Given information:
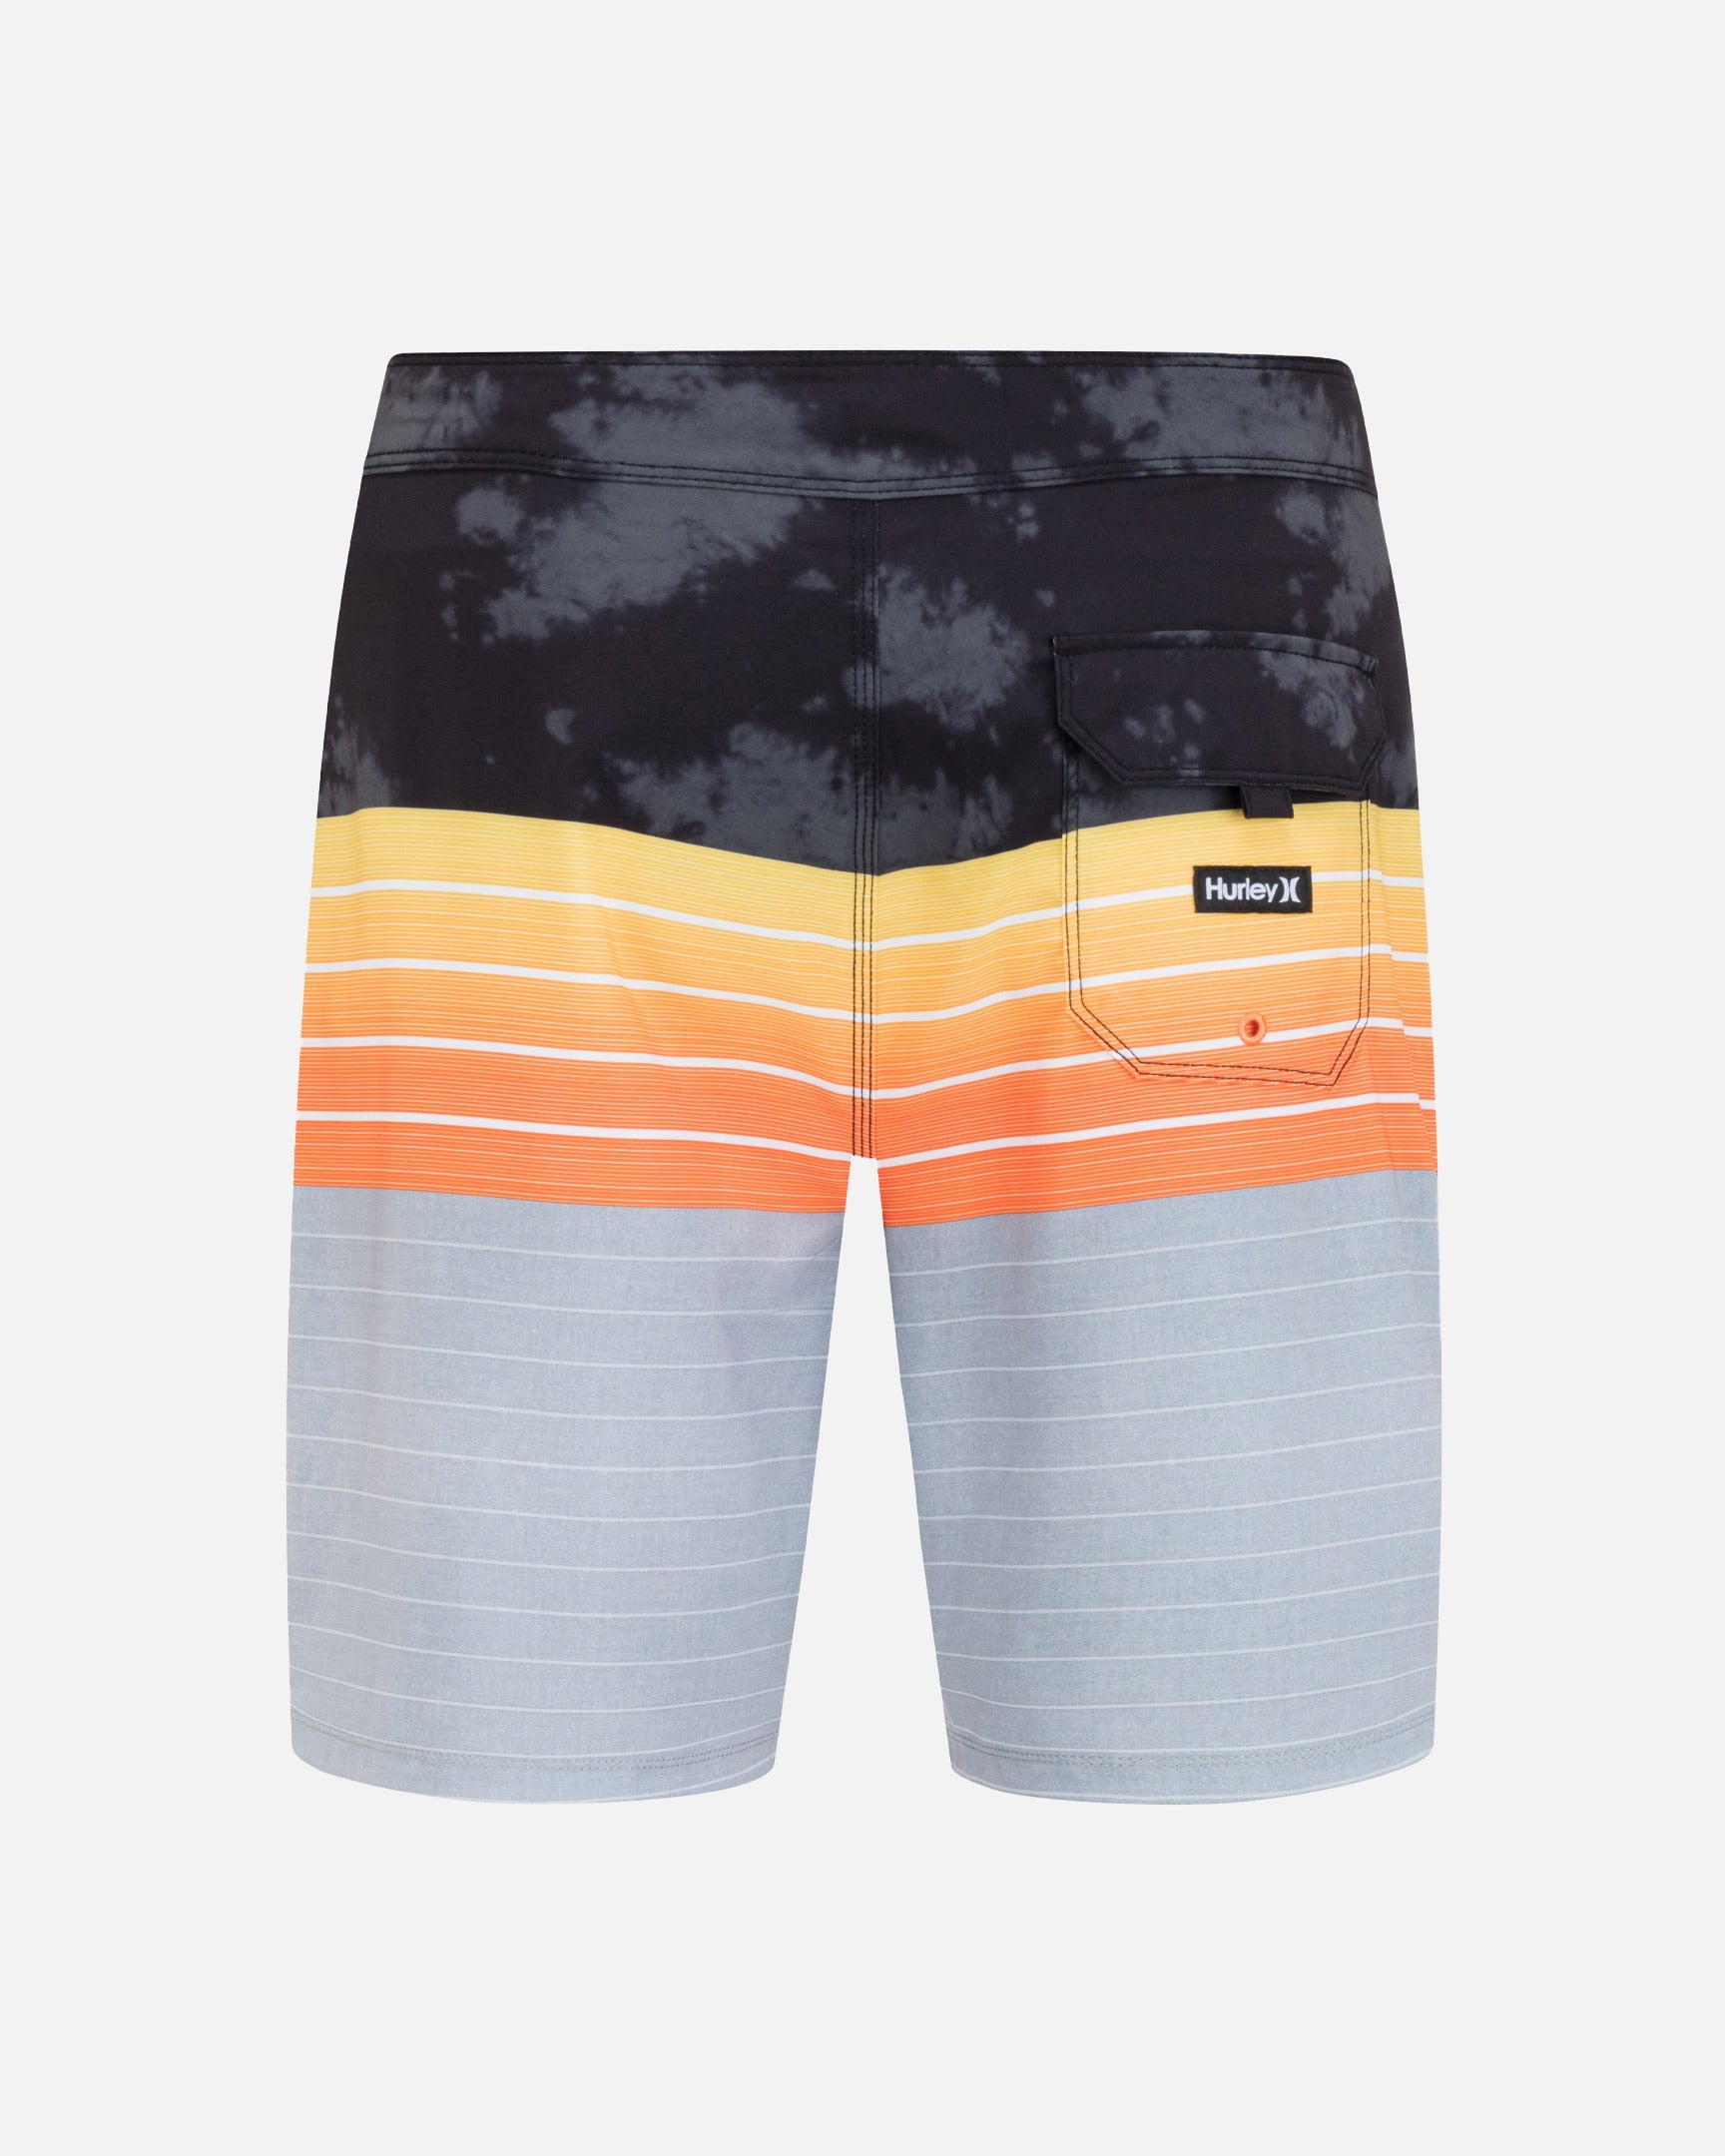 Hurley SS21 Boardshorts Preview - Boardsport SOURCE
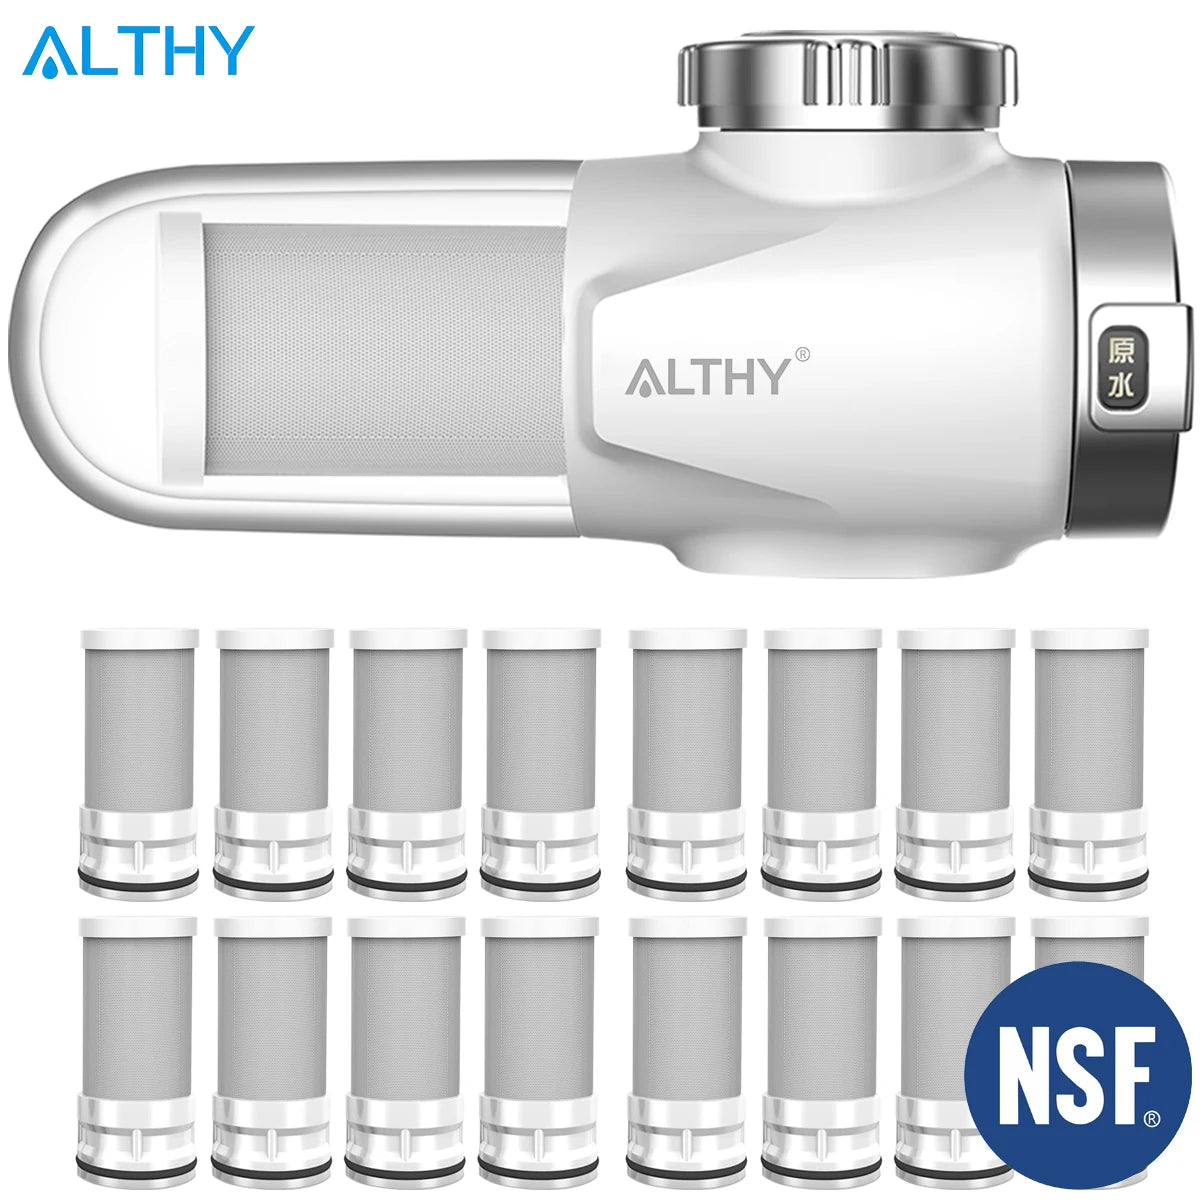 ALTHY ACF System Faucet Water Filter, Tap Purifier, Reduces Lead, Chlorine & Bad Taste NSF Certified Kitchen （16xReplace Filter）
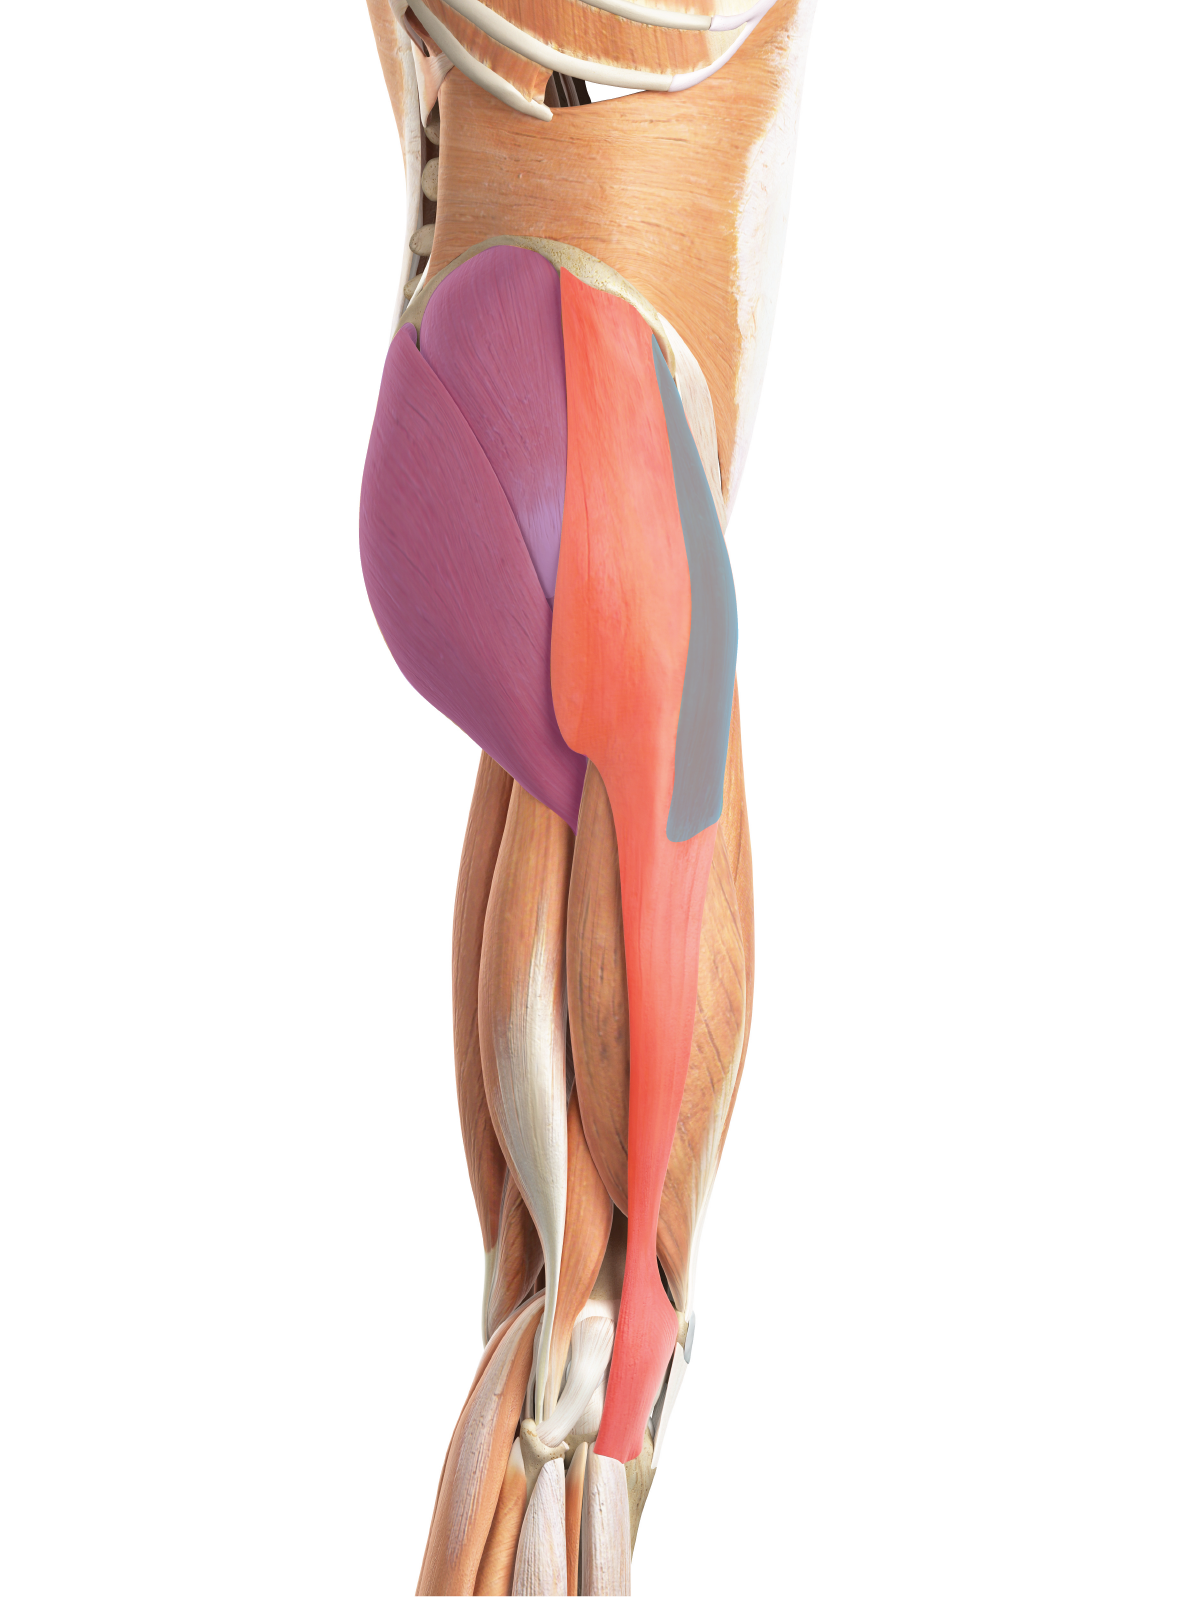 These IT band stretches are great for reducing hip and knee pain

Problem to solve: All of the material shown above needs to be duplicated exactly. Omit every picture.

Result of the task:
 Hurley SS21 Boardshorts Preview - Boardsport SOURCE
 ALTHY ACF System Faucet Water Filter, Tap Purifier, Reduces Lead, Chlorine & Bad Taste NSF Certified Kitchen （16xReplace Filter）
 These IT band stretches are great for reducing hip and knee pain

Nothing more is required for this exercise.